Reform synagogue in Mobile, Alabama, US

Congregation Sha'arai Shomayim (transliterated from Hebrew as "Gates of Heaven"), is a Reform Jewish congregation and synagogue, located at 1769 Springhill Avenue, in Mobile, Alabama, in the United States. Organized in 1844, it is the oldest Jewish congregation in Alabama, and one of the oldest in the United States. The current synagogue for the congregation is the Springhill Avenue Temple.

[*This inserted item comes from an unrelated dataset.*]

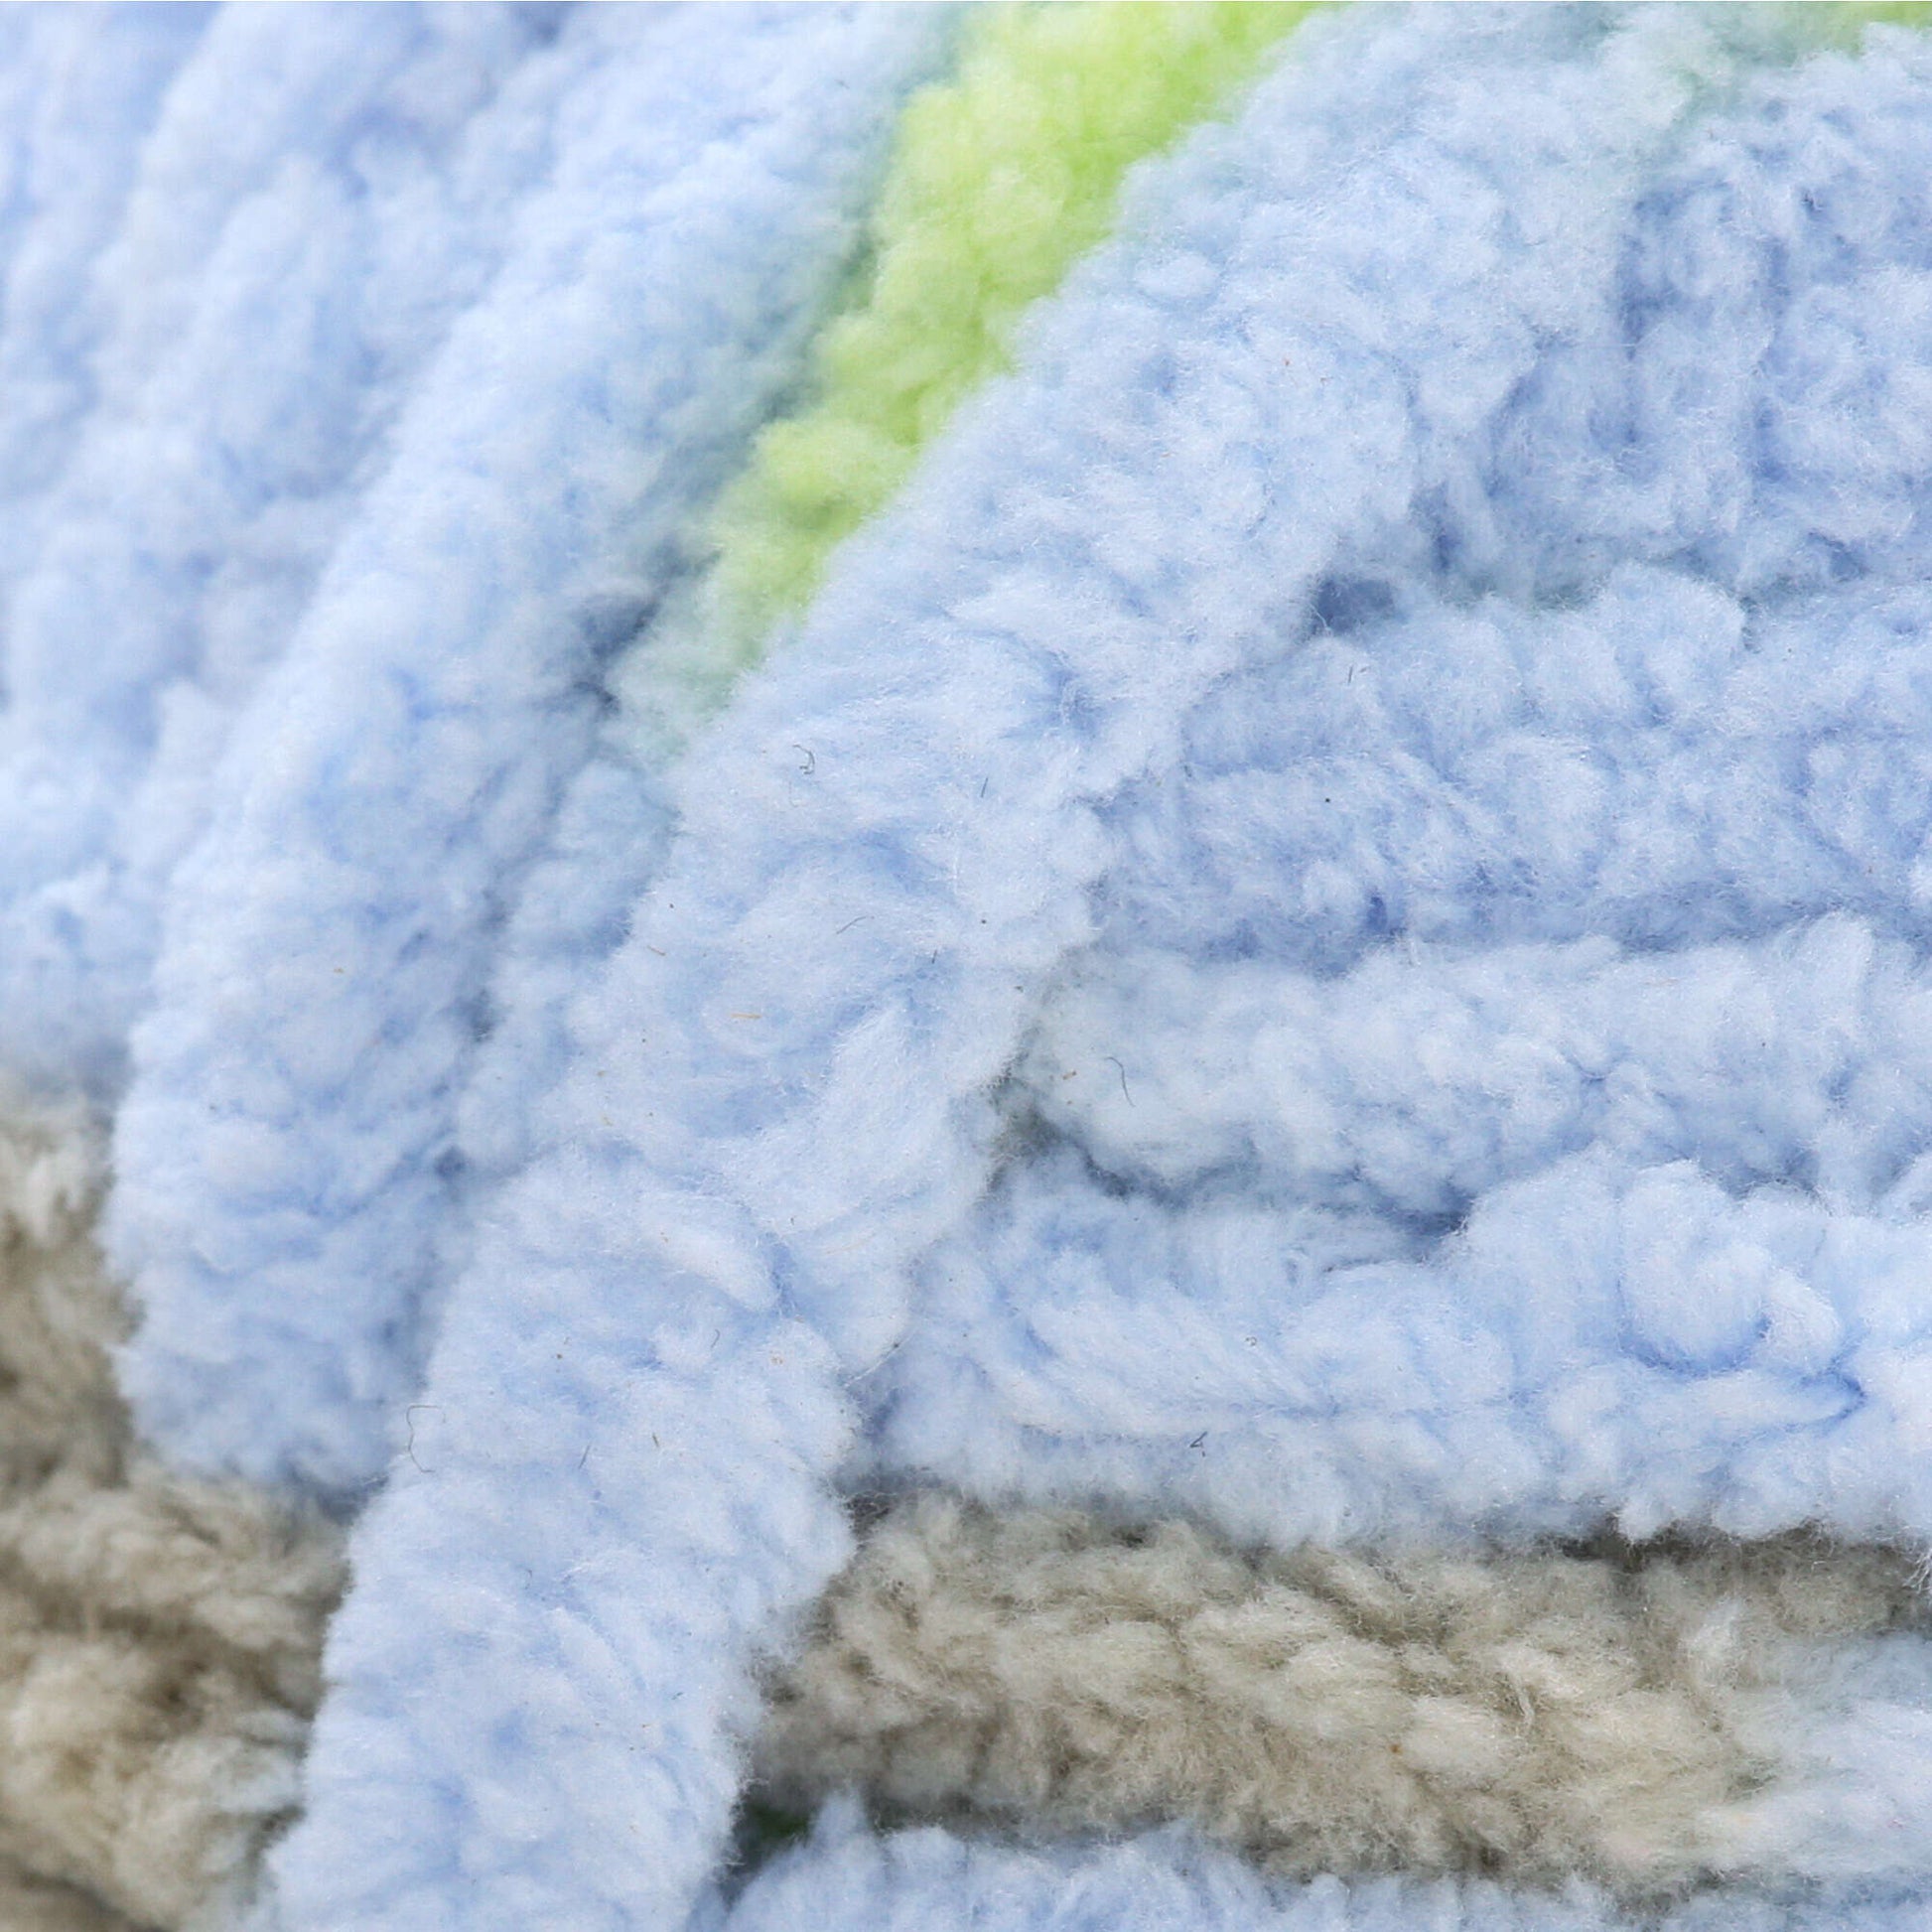 Bernat Baby Blanket Yarn-Sand Baby, 1 count - Harris Teeter

The congregation is a founding member of the Reform Union of American Hebrew Congregations, established in 1873.

==History==
The first permanent Jewish presence in Mobile can be documented from 1763. Most of these early Jews were merchants and traders, having moved to Mobile after the French lost their North American possessions to Great Britain in the Treaty of Paris. Jews were not allowed to officially reside in colonial French Louisiana due to the infamous Code Noir, a decree passed by France's King Louis XIV in 1685. It is known that the code was rarely enforced in the colony, but there is no documentation of Jews residing in Mobile at that time.

The first prominent Jewish citizens of Mobile were George Davis, an Englishman from Tuscaloosa, Alabama; Dr. Solomon Mordecai from North Carolina; and Philip Phillips, an attorney from Charleston, South Carolina. Phillips was later elected to the Alabama State Legislature and then to the United States Congress. By the time of Phillips election to Congress in 1853, over fifty Jewish families were living in Mobile. Although no records survive that document the spiritual activities of Mobile's earliest Jewish citizens, on June 22, 1841, Congregation Sha'arai Shomayim purchased plots in the city's Magnolia Cemetery.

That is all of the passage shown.